Bubble sorting a linked list in C

Question

I have created a linked list of 5 nodes of type:

typedef struct node
{
    int i;
    struct node* link;
}node;

node* head = NULL;

When printing out, this gives:

4 3 2 1 0

The head pointer is set to point at 4. I have then written a function to bubble sort the linked list as follows:

void sort(void)
{
     node* cur = head;
     node* next = cur->link;
     node* prev = NULL;

     while(cur->i > next->i)
     {
        printf("cur is greater than next\n");

        while(prev != head)
        {
          cur->link = next->link;
          next->link = cur;
          head = next;
          next = cur->link;
          prev = head;
        }
        while(next != NULL)
        {
          prev->link = next; 
          cur->link = next->link;
          next->link = cur;
          prev = next;
          next = cur->link;
        }
        printf("second while loop exited\n");

        for (node* ptr = head; ptr != NULL; ptr = ptr->link)
        {
           printf("%d", ptr->i);
        }

        cur = head;
        next = cur->link;

      } 
}

There are various printf statements to check that the program is working. What I find is that after the first run-through, 4 is successfully bubbled up as follows:

3 2 1 0 4

However, after re-setting the cur pointer to 3 and next to 2, the next run-through provides the following:

2 1 0 4 3

Ultimately, we finish with

0 4 3 2 1 

So as can be seen "3", "2" and "1" are being bubbled up too far. I have tried various conditonals in place of the third while loop to correct this but in the majority of cases this leads to seg faults. Of course, the other thing here is that my logic could be completely wrong and there may be a better way to implement this. Could you get away with just swapping the contents of nodes and not pointers themselves? Any help would be much appreciated. Thanks in advance

Answer 1

Ordinary bubble-sort implementations for sorting arrays make use of the direct addressing and a known size of the array: they naturally use indices, that is ordinal numbers of items, so they can easily shrink the area sorted as the work progresses, because they know how many items are already on their final places.
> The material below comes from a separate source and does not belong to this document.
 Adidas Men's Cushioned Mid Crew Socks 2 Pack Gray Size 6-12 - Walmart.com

A linked list is processed purely sequentially, so it doesn't allow such simple optimization without adding artificial 'index', incremented along the list iteration. That's why it's easiest to iterate always through the whole list and terminate when no more items were swapped, hence the list is sorted:

void sort(void)
{
    int swapped = 1;

    while(swapped)
    {
        node **prev = &head, *curr, *next;

        swapped = 0;
        for(curr = head; curr; prev = & curr->link, curr = curr->link)
        {
            next = curr->link;

            if(next && curr->i > next->i)
            {
                curr->link = next->link;
                next->link = curr;
                *prev = next;

                swapped = 1;
            }
        }
    }
}

EDIT – some explanations in reply to questions in Matthew2015 comments.
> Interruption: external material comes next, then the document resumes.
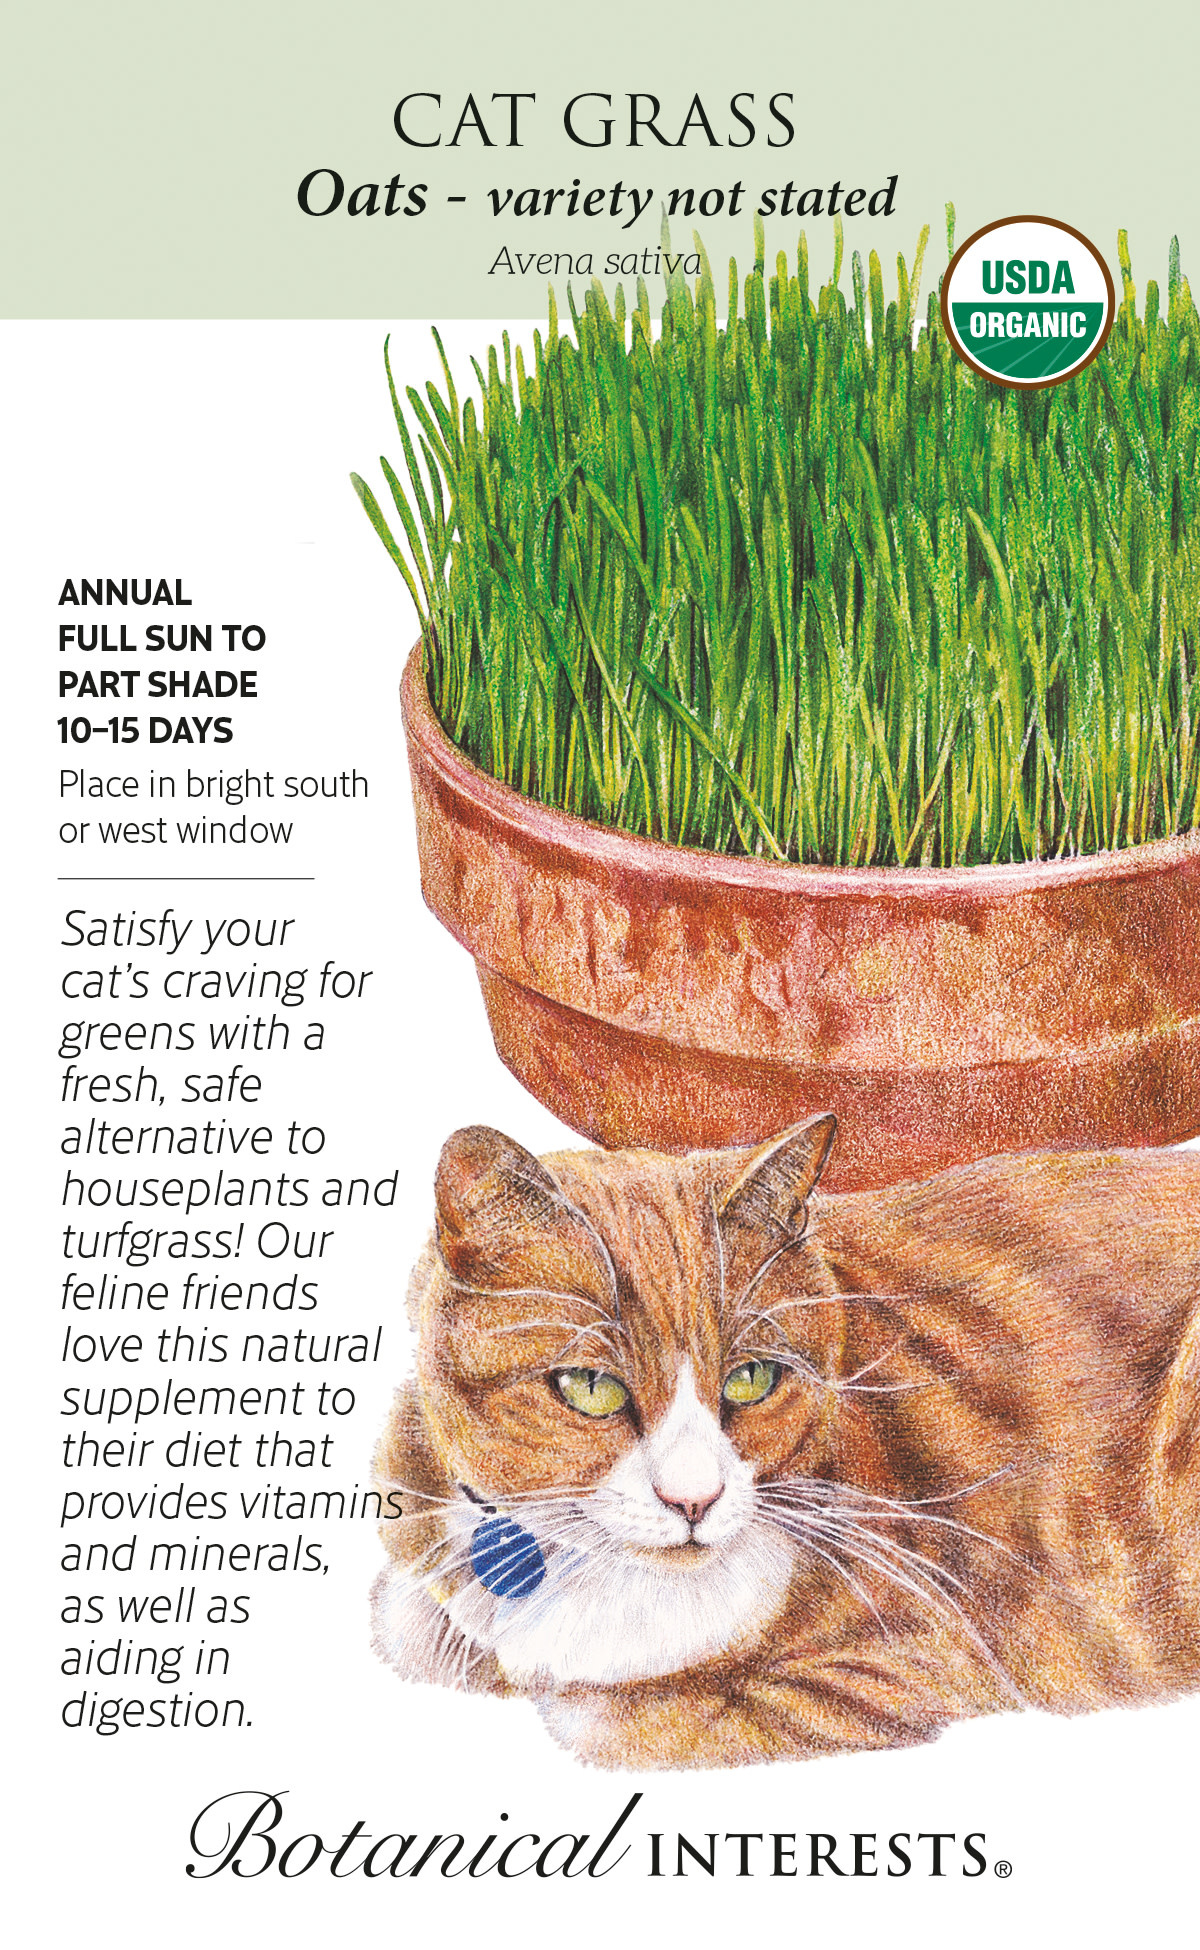 Seed Cat Grass Mix Organic -Avena sativa, Triticum aestivum, Hordeum vulgare - Lrg Pkt

Logical conditions in C expect a numeric or pointer expression which are considered 'true' if they are different from zero or different from NULL, respectively. That means while(swapped) is essentially equivalent to while(swapped != 0) and next && ... is equivalent to next != NULL && .... The condition in while(swapped != 0) means the loop will terminate when some execution of internal for does not set swapped to 1, which happens when no item in the list is greater than its successor – that is, when the list is sorted.

The for loop condition expression is curr alone, equivalent to curr != NULL. That makes the for loop iterate along the list until there is no 'current' node.
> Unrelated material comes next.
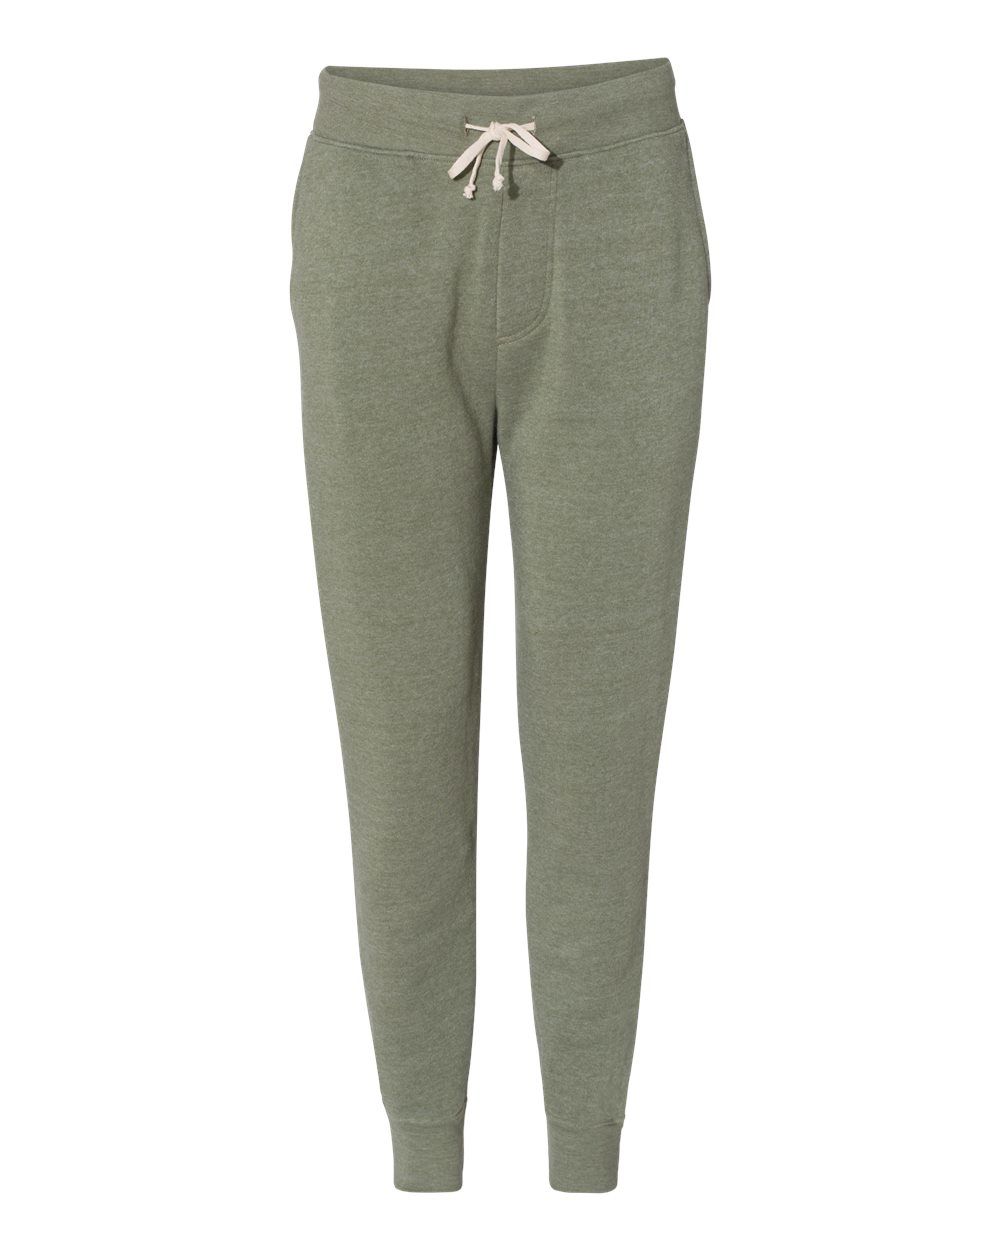 Custom Branded Alternative Pants - Eco True Army Green

The node **prev variable points to a pointer, which points to the current node. When the 'current' and the 'next' node need to be swapped, then the 'previous' link should no longer point to the 'current' node but to the 'next' node instead. Of course one might keep the pointer to the 'previous node' and assign a new value to the (previous node)->link — but that would not work in case of the first node in a list, which has no 'previous node' but is pointed to by the head variable. One must use additional condition to verify if the current node is the first node to resolve this inconsistency. Having a pointer to pointer, which originally points to head and then to 'previous node'.link makes the whole code much simpler, shorter and also a bit faster.

Answer 2

I would look at the third while

    while(next != NULL)
    {
      prev->link = next; 
      cur->link = next->link;
      next->link = cur;
      prev = next;
      next = cur->link;
    }

Here you're always moving elements without testing whether they have to be moved - i.e. cur->i > next->i.

By the way, if it's guard is true, the second while gets executed only once and so it's the same as an if so I would use an if, at least for clarity reasons.